Brian Banner is a fictional character appearing in American comic books published by Marvel Comics. The character was created by Bill Mantlo, first appearing in The Incredible Hulk vol. 2 #312. He is the abusive father of Bruce Banner, with said abuse being a major contributing factor of Bruce's eventual transformation into the Hulk.

Publication history
Brian Banner first appeared in The Incredible Hulk vol. 2 #267 and was created by Bill Mantlo and Sal Buscema.

Fictional character biography
As a small child, Brian and his two sisters, Elaine and Susan and their Mother was physically and mentally abused by their violent alcoholic father, Brian regarded his father as a monster and believed that he had inherited a "monster gene" from him, and so promised himself that he would never have any children, for fear of bringing another Banner into the world.

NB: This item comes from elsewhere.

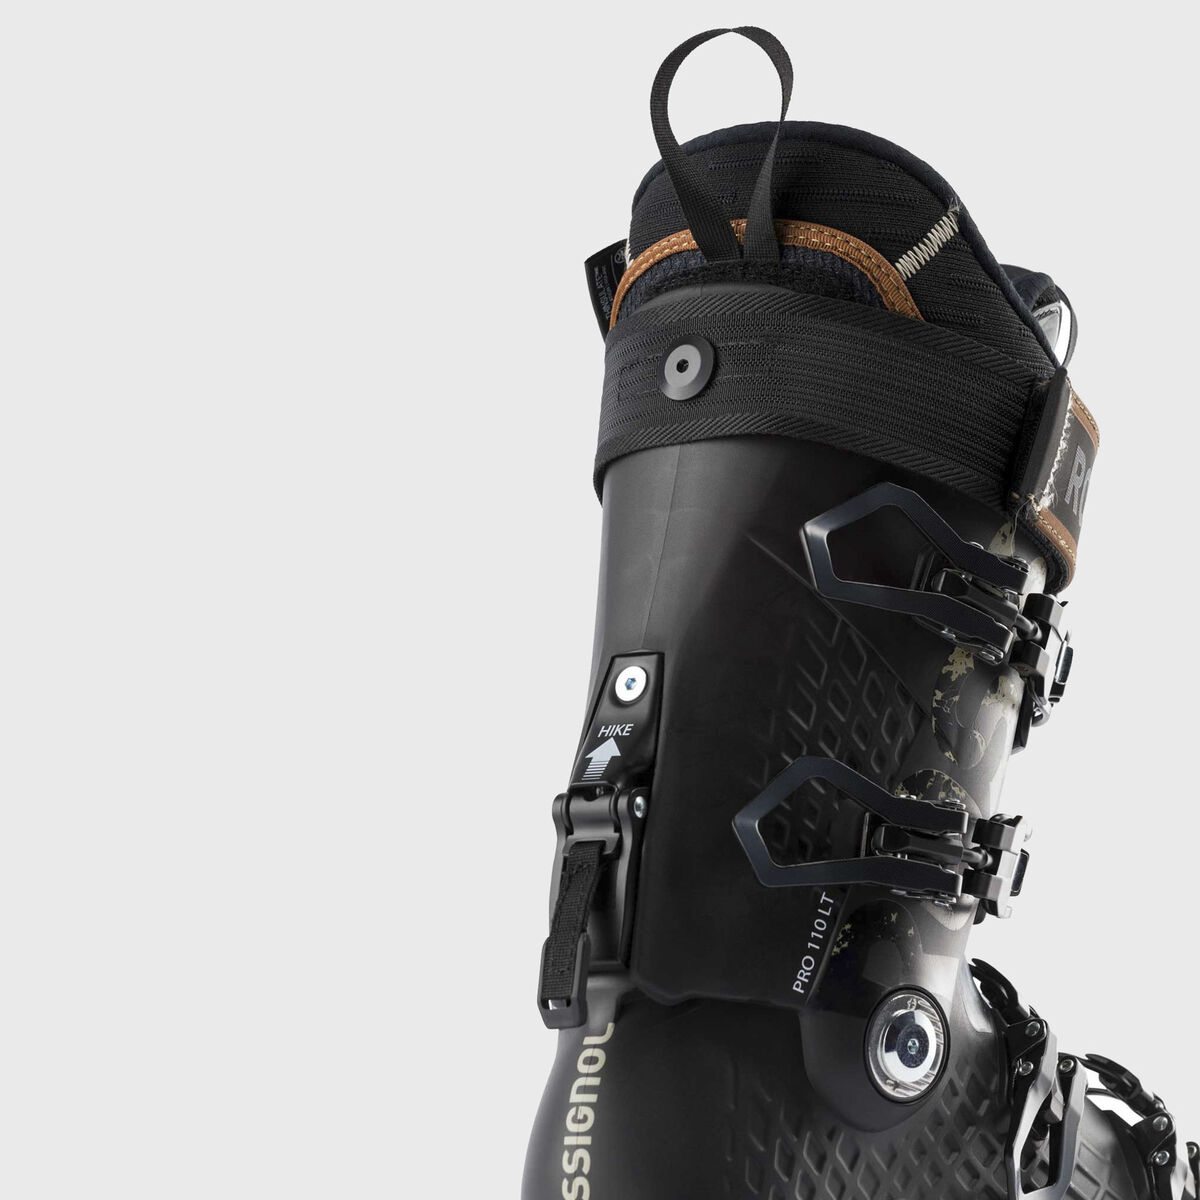 Men's Free Touring Ski Boots Alltrack Pro 110 LT

As an adult, Brian married a woman named Rebecca, earned his PhD in physics and found a job in Los Alamos, New Mexico working for the United States government on a project developing a clean way to create nuclear energy. The stress of his job eventually lead Brian to become an alcoholic, and he frequently lashed out at those around him. While drunk at work one day, Brian accidentally overloaded some machinery, causing an explosion that cost him his job. Despite his vow never to have children, Brian impregnated Rebecca, who gave birth to their only child, Robert Bruce Banner. Brian believed Bruce had inherited both the "monster gene" and genetic defects due to the accident in Los Alamos, so he ignored him completely and attempted to keep Rebecca away from him. He frequently left Bruce in the care of the neglectful Nurse Meachum. When Bruce woke up one Christmas morning and opened a present from his mother, a complex model, he assembled it easily despite his young age. This convinced Brian that his assumptions about Bruce were correct. As a result, he beat Bruce, and after she came to her son's aid, Rebecca as well. After enduring several years of abuse from Brian, Rebecca attempted to escape from him with Bruce. Brian discovered his wife and son packing the car just before their escape, and he smashed Rebecca's head against the pavement, killing her in front of their young son. Brian managed to stop Bruce from testifying against him at his trial for Rebecca's murder, saying that if he did so, he would go to Hell. Terrified, Bruce perjured himself, testifying that his father never abused him or Rebecca, and that his mother tried to run away for no reason. Brian escaped conviction due to lack of evidence, but soon afterwards is arrested again when he drunkenly boasted about beating the law by bullying his son. Brian is imprisoned and later placed in a mental institution. Bruce, meanwhile, is left in the care of his Aunt Susan, now known as Mrs. Drake.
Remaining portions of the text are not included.